A desert Oasis

Photo credits: UN Women Jordan/Christopher Herwig

When Fatima first arrived in Za’atari Camp, she felt that she was carrying a sadness that she could not escape. Even spending time with her friends couldn’t bring relief. They would reminisce about life in Syria, but these memories only filled her heart with grief. It was affecting every aspect of her life, even the time she spent with her children.

But today, Fatima isn’t dwelling on the past. Rather, she shares her story to help illustrate the difference between where she was two years ago, and where she is now.
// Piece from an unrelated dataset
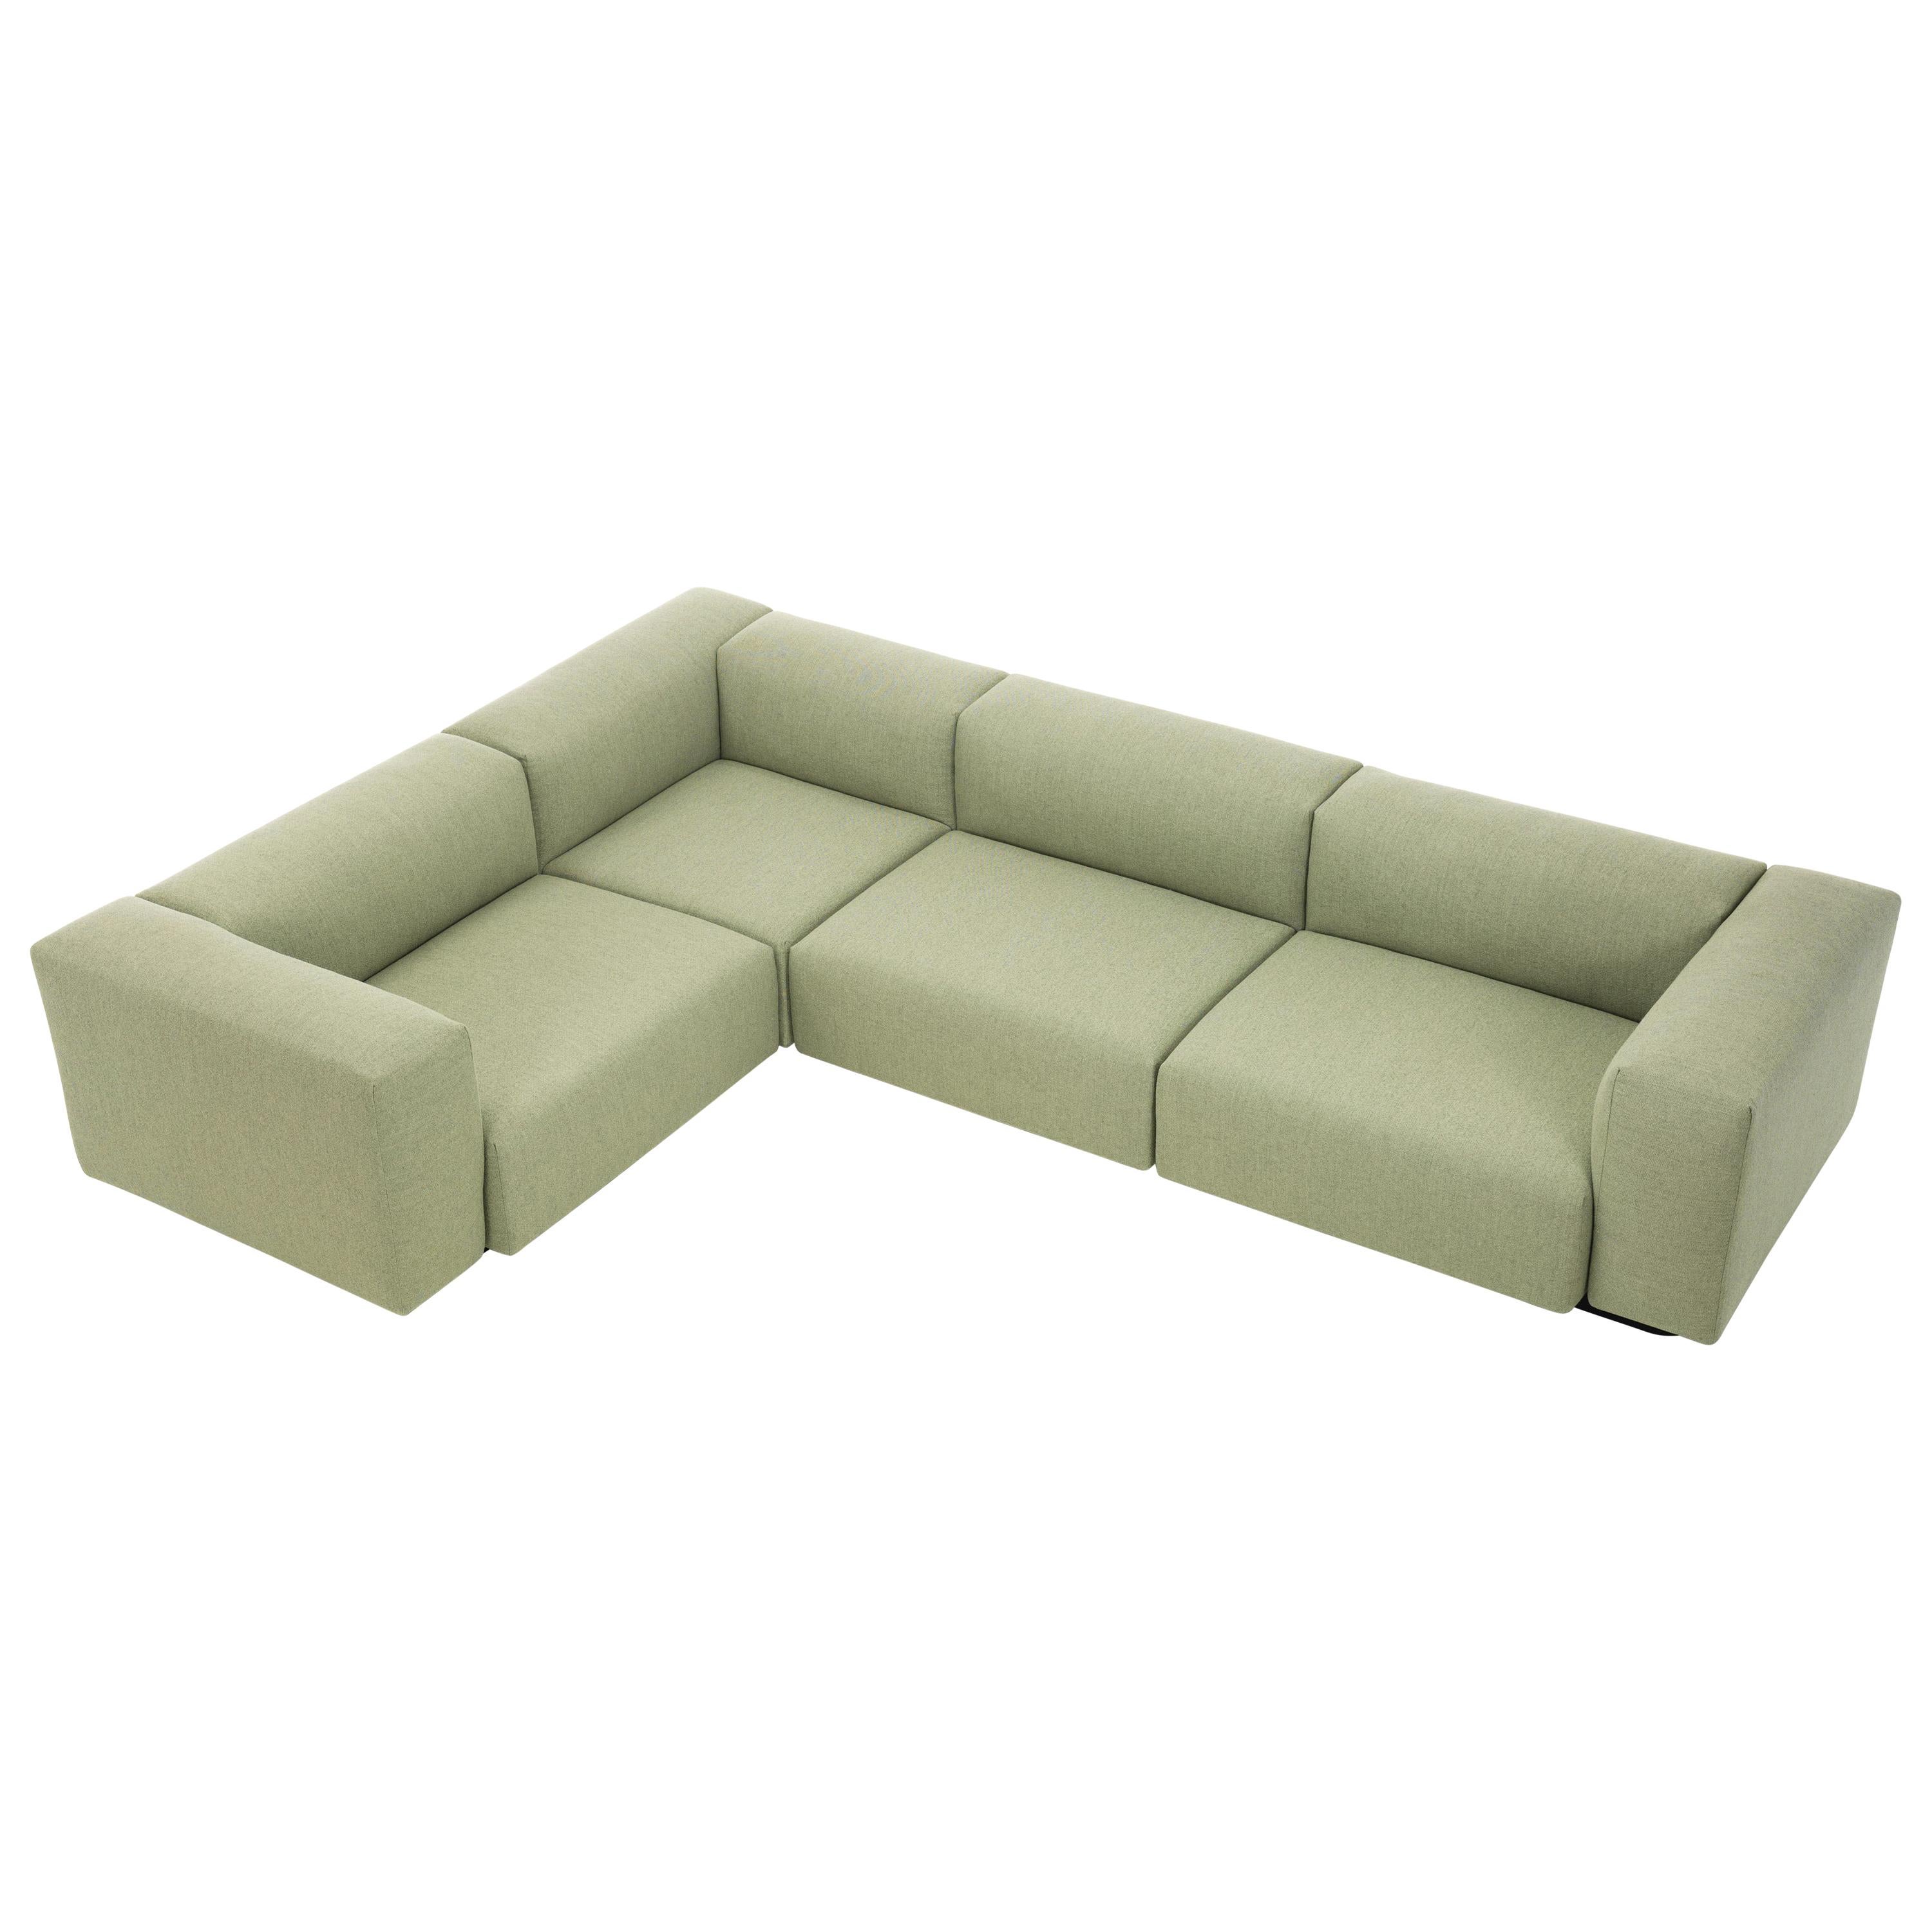 Vitra Soft Modular Sofa with Corner in Sage & Pebble Dumet by Jasper Morrison For Sale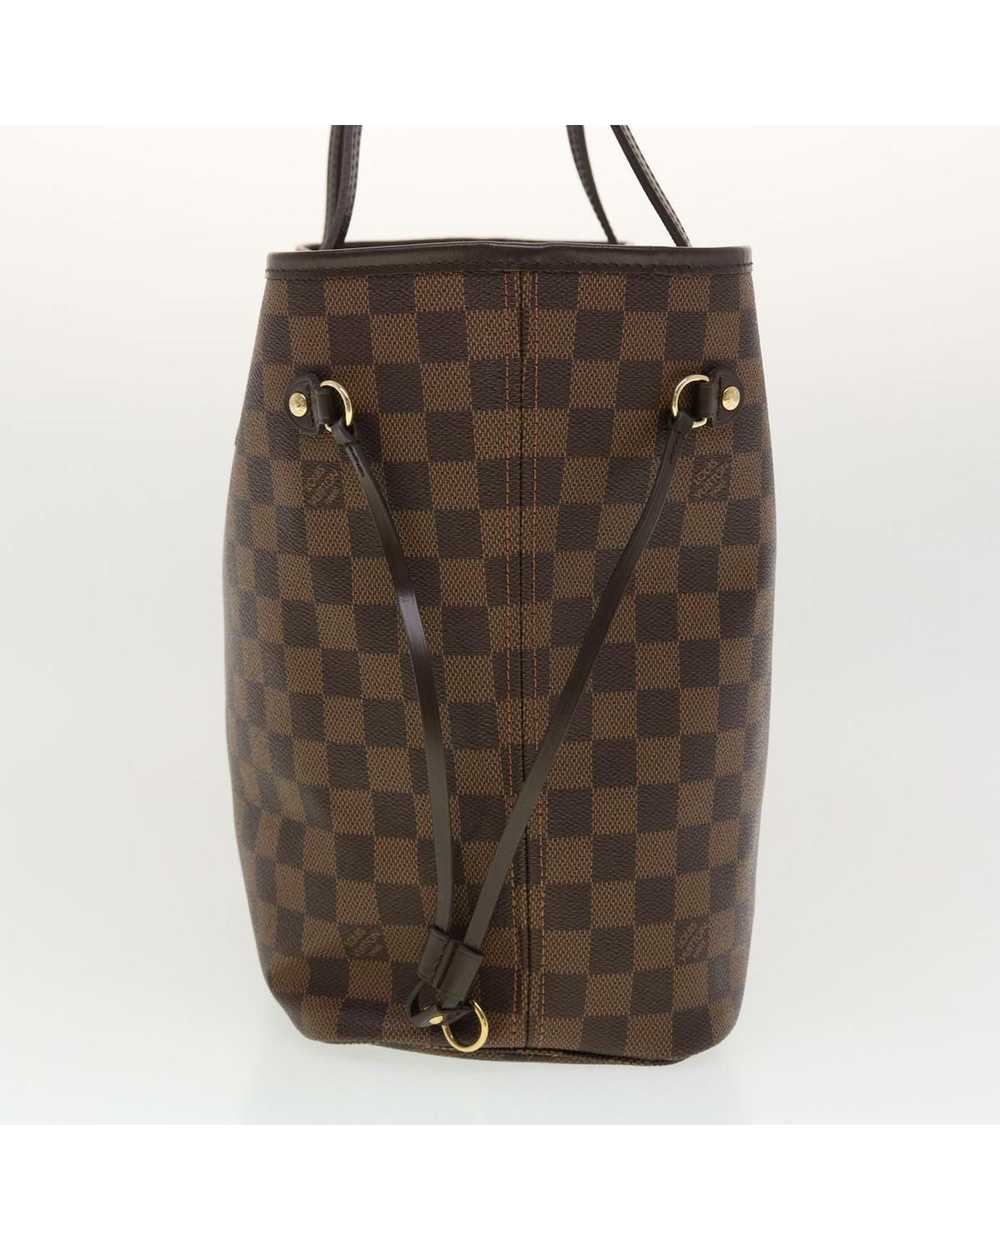 Louis Vuitton Classic Damier Ebene Tote Bag - image 3

Standing behind a large cutting table in one of the three tailoring caravans located in the Women and Girls Oasis in Za’atari Camp, Fatima holds up a tiny blue sweater adorned with a bright red collar. It is one of the 21 pieces of clothing included in the “baby kits” that the women produce in the workshop and which are then distributed to women who give birth in the camp; and it’s her favourite. In addition to clothing, the kits include other essentials like warm blankets, and even an insulated baby basinet. To date, they have produced over such 4000 baby kits.

“I visit the women in the hospital and I see the happiness on their faces. Seeing that, it makes me happy,” says Fatima. “We are meeting a very real need for these women.”

Across the Oasis in another caravan, this one fitted out as a hairdressing salon, a young woman also named Fatima is diligently applying henna to a repeat customer, Isra.  The women are friends from Syria, and Isra can’t help but praise her friend’s talents: “She was the best in Syria, now, she’s the best in Za’atari!”

The tailoring workshop and the salon are but two of the many cash-for-work projects that the Oasis operates in the camp – which is also Za’atari’s largest female-focused such programme -  alongside other initiatives that aim to empower Syrian women refugees through increased access to economic opportunities and meaningful engagement in community life.

Other offerings of the Oasis include language classes, information and protection referrals on key issues such as registration, hygiene, health, and sexual and gender-based violence. There is also a day care centre in each Oasis to allow women working at the Oasis to stay with their kids throughout the day, and to provide after school support to children enrolled in education. 

Back in the tailoring workshop, Fatima is explaining how her life has changed since getting involved with the Oasis: “I am so busy now, I see my children less,” she says “but the time I spend with them is of better quality, because I am no longer burdened by the sadness.”